Start with structured prompting: the skill of giving AI the context it needs to produce lawyer-grade output. A well-structured prompt is the difference between a usable first draft and a paragraph that misses your company's standard positions. Once prompting is reliable, document Q&A returns time immediately on an active contract queue: extracting specific answers from long agreements without reading every page. GC AI's 101 class covers both in 75 minutes, with participants using real contracts from their own work.
What AI Skills Do Lawyers Need to Learn in 2026?
The competence floor is rising. ABA Formal Opinion 512 (July 2024) establishes a duty to understand the capabilities and limitations of any AI tool used in practice, making AI literacy a professional responsibility requirement. In-house lawyers working at AI speed in 2026 have four skills in common: structured prompting (getting reliably lawyer-grade output from AI), document Q&A (extracting answers from long agreements without reading every page), research synthesis (first-pass multi-jurisdiction analysis before outside counsel escalation), and playbook development (reusable contract review workflows for NDAs, DPAs, and MSAs that apply company-specific standards automatically). GC AI's curriculum is built around that sequence: 101 for prompting foundations, 201 for advanced workflows, and 106 and 107 for playbooks.
Is GC AI's Curriculum Appropriate for Lawyers Who Already Use AI Tools?
Yes. GC AI's 201 class and specialist courses (105 for Word, 106 for Using Playbooks, 107 for Building Playbooks) are designed for lawyers with prior AI experience who want to go deeper. In 2026 GC AI 201 session polls, 91 to 100% of attendees report their legal teams already have formal AI goals. The 201 class covers how large language models work and builds more sophisticated legal workflows on that foundation.
What Is the Difference Between GC AI's Classes and Academic AI Programs?
GC AI's classes teach you to use AI in your legal work today, with real documents and real legal questions from participants brought to each live session. Academic programs (Berkeley, Harvard) teach you to understand, strategize, and govern AI at an enterprise level. Both are valuable and serve different moments in a legal leader's career. Most in-house teams need the practical skills layer first, with the strategic layer added as AI becomes embedded in daily operations.
How Do I Make the Budget Case for an AI Course to My Legal Department Head?
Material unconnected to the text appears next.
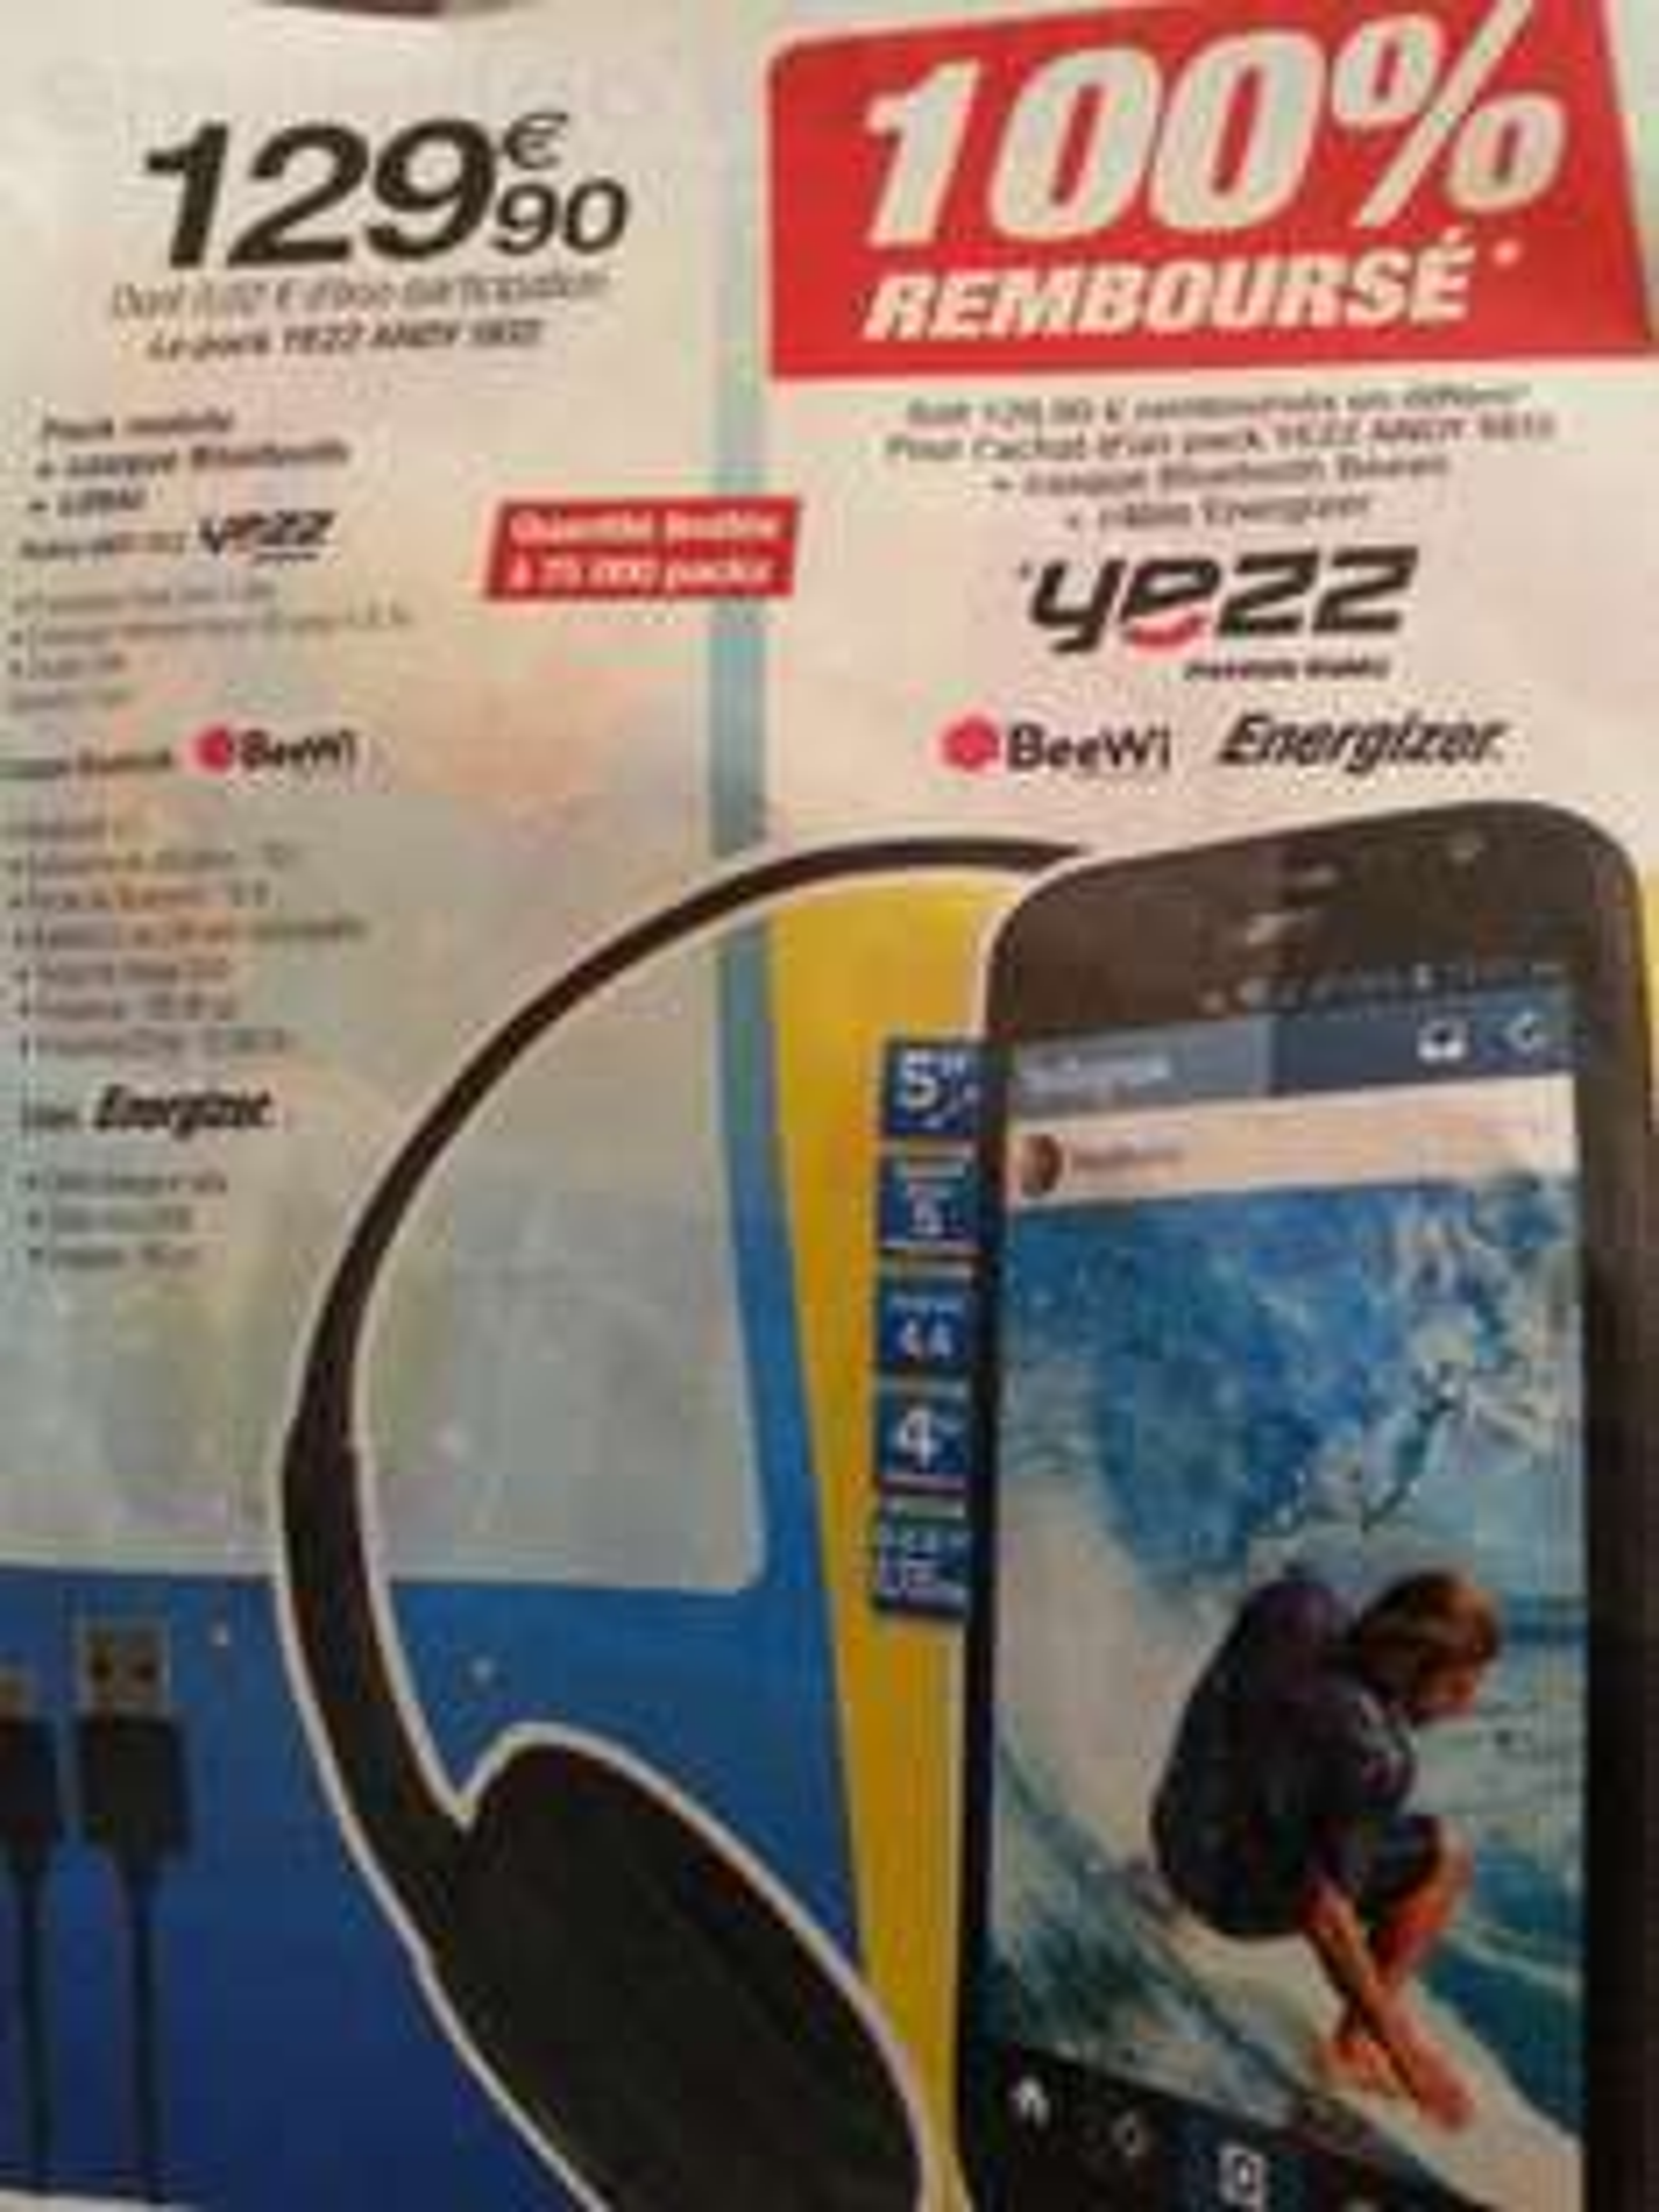 Pack mobile Yezz Andy A5EI + Casque bluetooth BeeWi + Câble Energizer (100% remboursé via ODR)

GC AI's 2025 ROI study of more than 100 active customers found that legal professionals save an average of 14 hours per week and reduce outside counsel spend by 14%. The GC AI ROI Calculator takes your team size, hours spent on contracts, and annual outside counsel budget and returns an annual dollar impact estimate. For GC AI's classes specifically: they are free, California MCLE-eligible, and 75 to 90 minutes per session. One Associate General Counsel in pharma described the class as "easily the most valuable continuing education/CLE I have ever taken" and said it would be "worth 5X the cost." The budget conversation is straightforward.